__SUPPLIED DATA__:
# # #
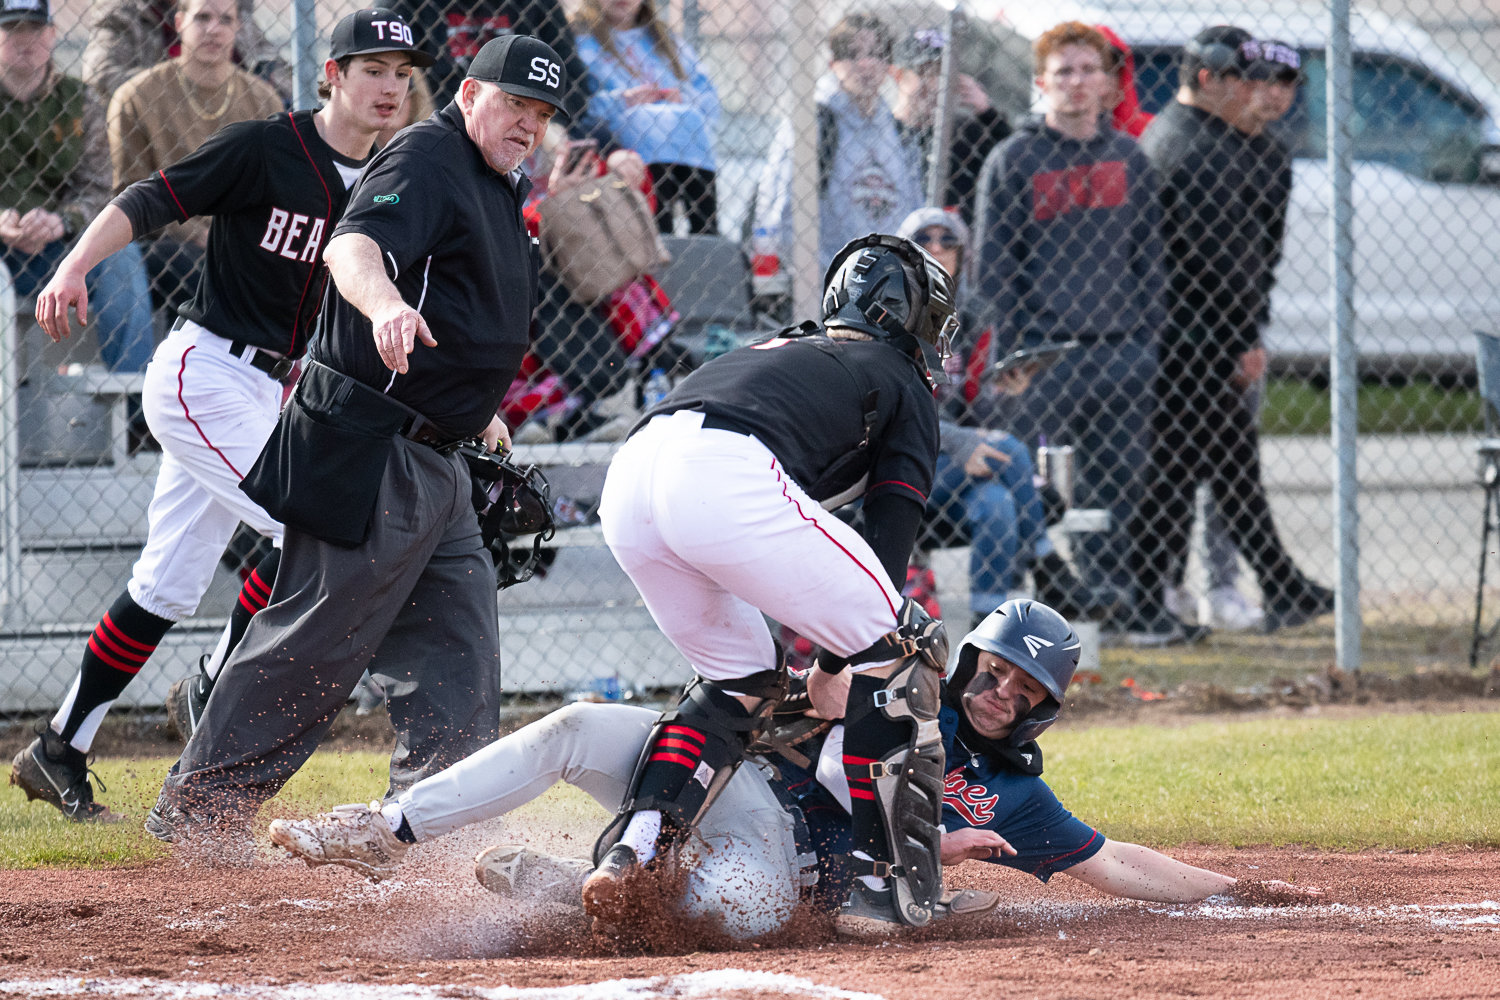 Tenino catcher Austin Gonia gets a tag down on Black Hills' Alec Lynch during the Beavers' 7-4 win over the Wolves on March 14.
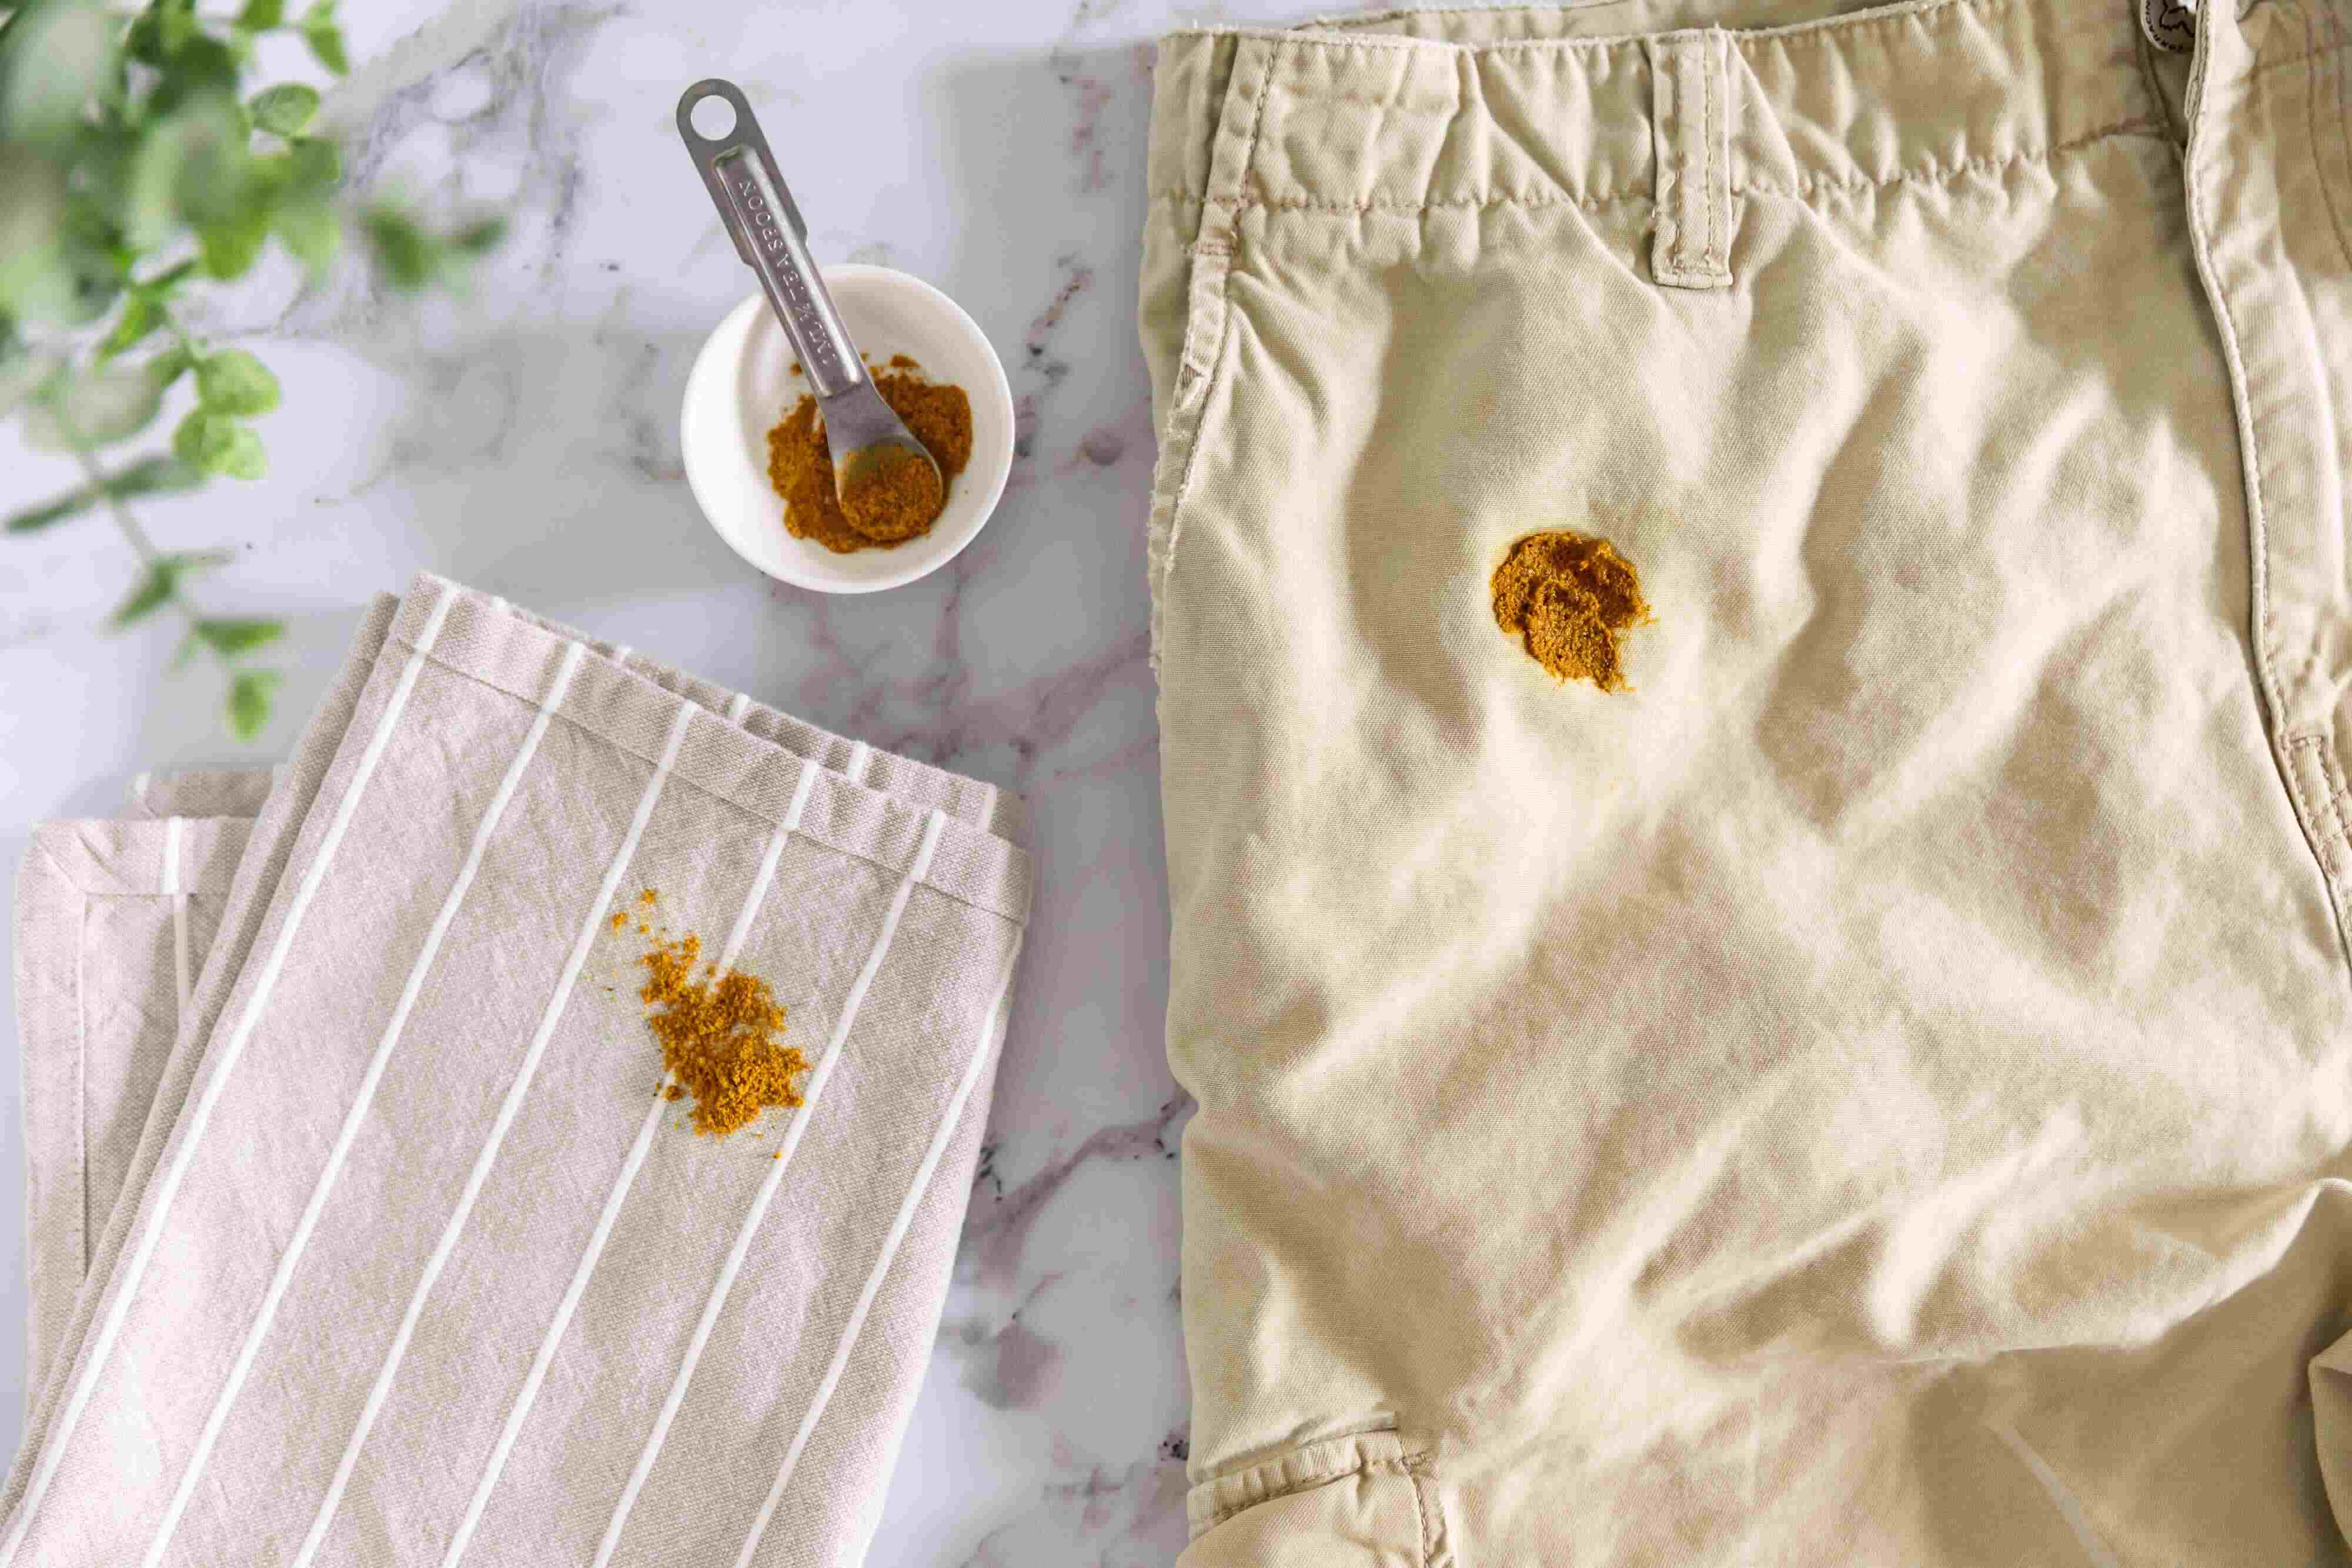 How To Remove Turmeric Stains From Household Items
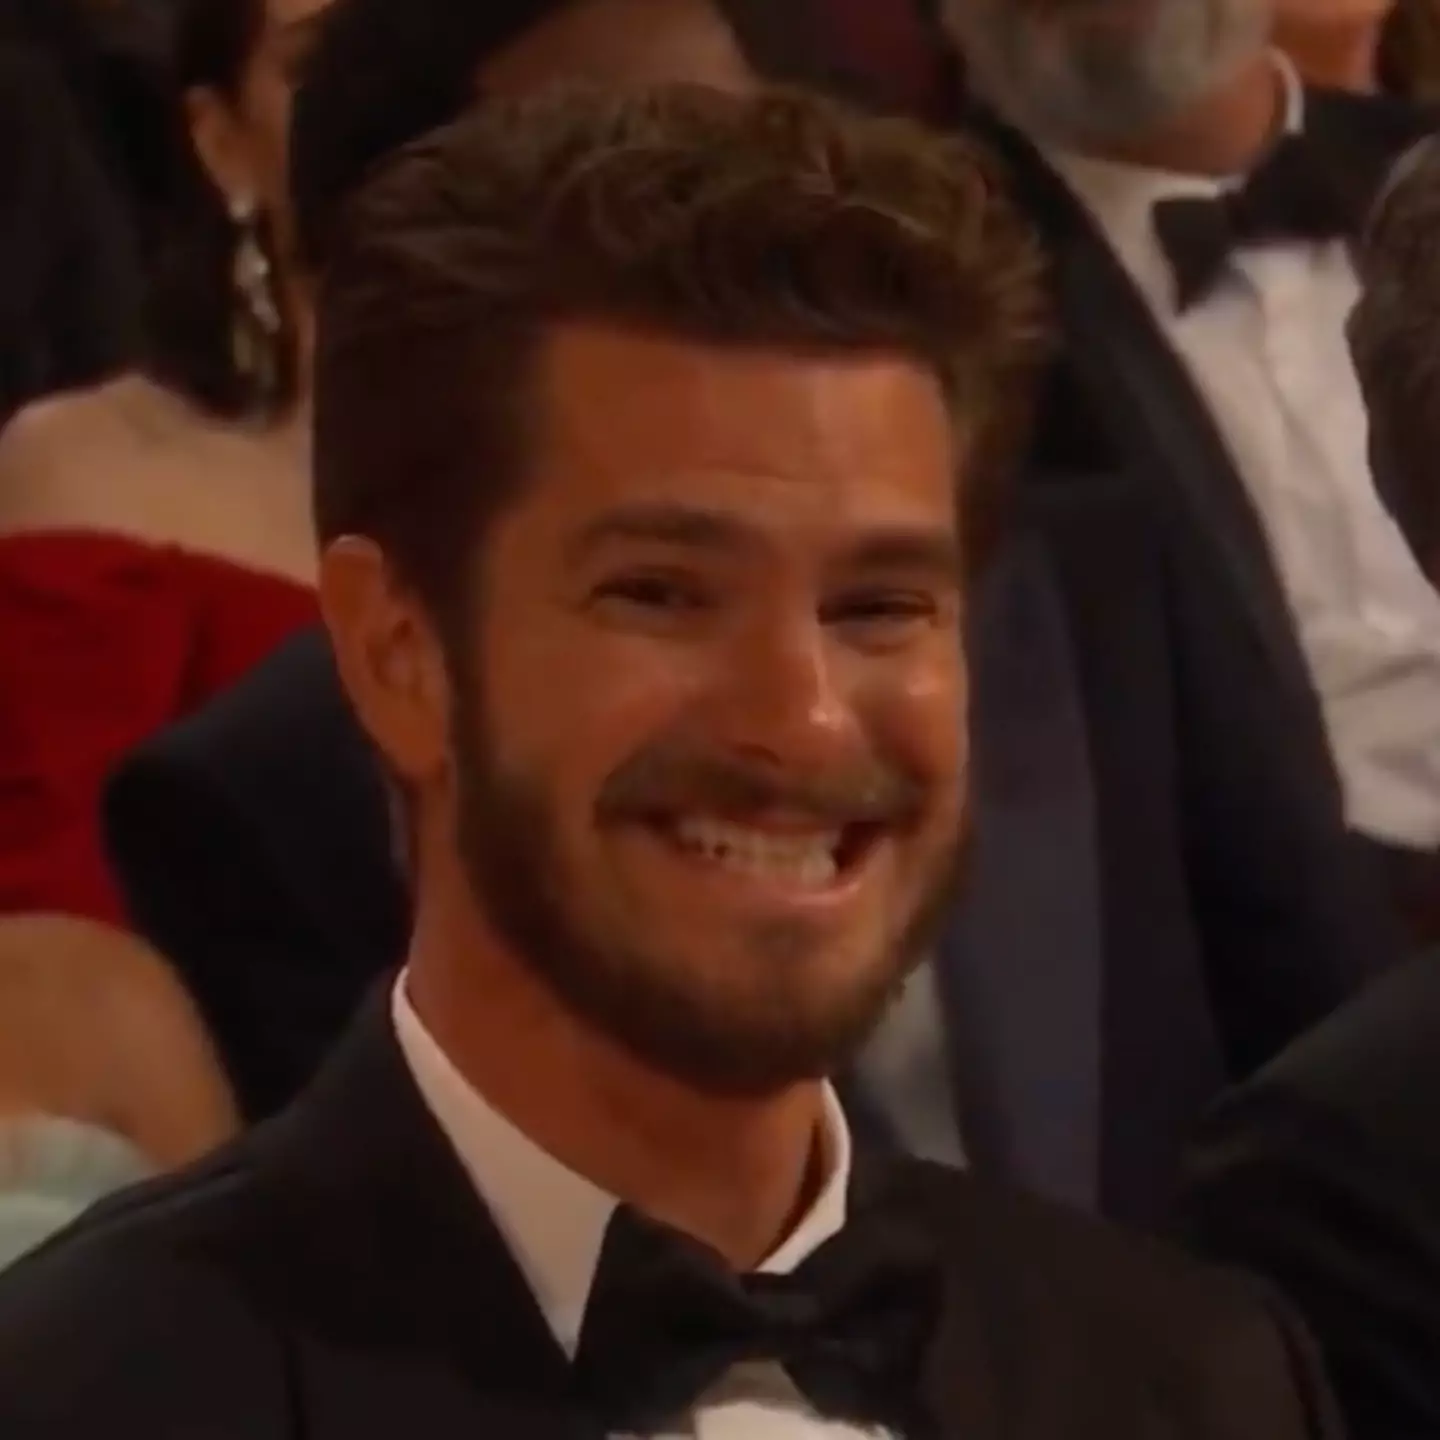 Andrew Garfield awkwardly smiled at viewers.
# # #
__INSTRUCTIONS FOR THE TASK__: Restating the data word for word is the task, and pictures are to be omitted.

__ANSWER BOX__:
 Tenino catcher Austin Gonia gets a tag down on Black Hills' Alec Lynch during the Beavers' 7-4 win over the Wolves on March 14.
 How To Remove Turmeric Stains From Household Items
 Andrew Garfield awkwardly smiled at viewers.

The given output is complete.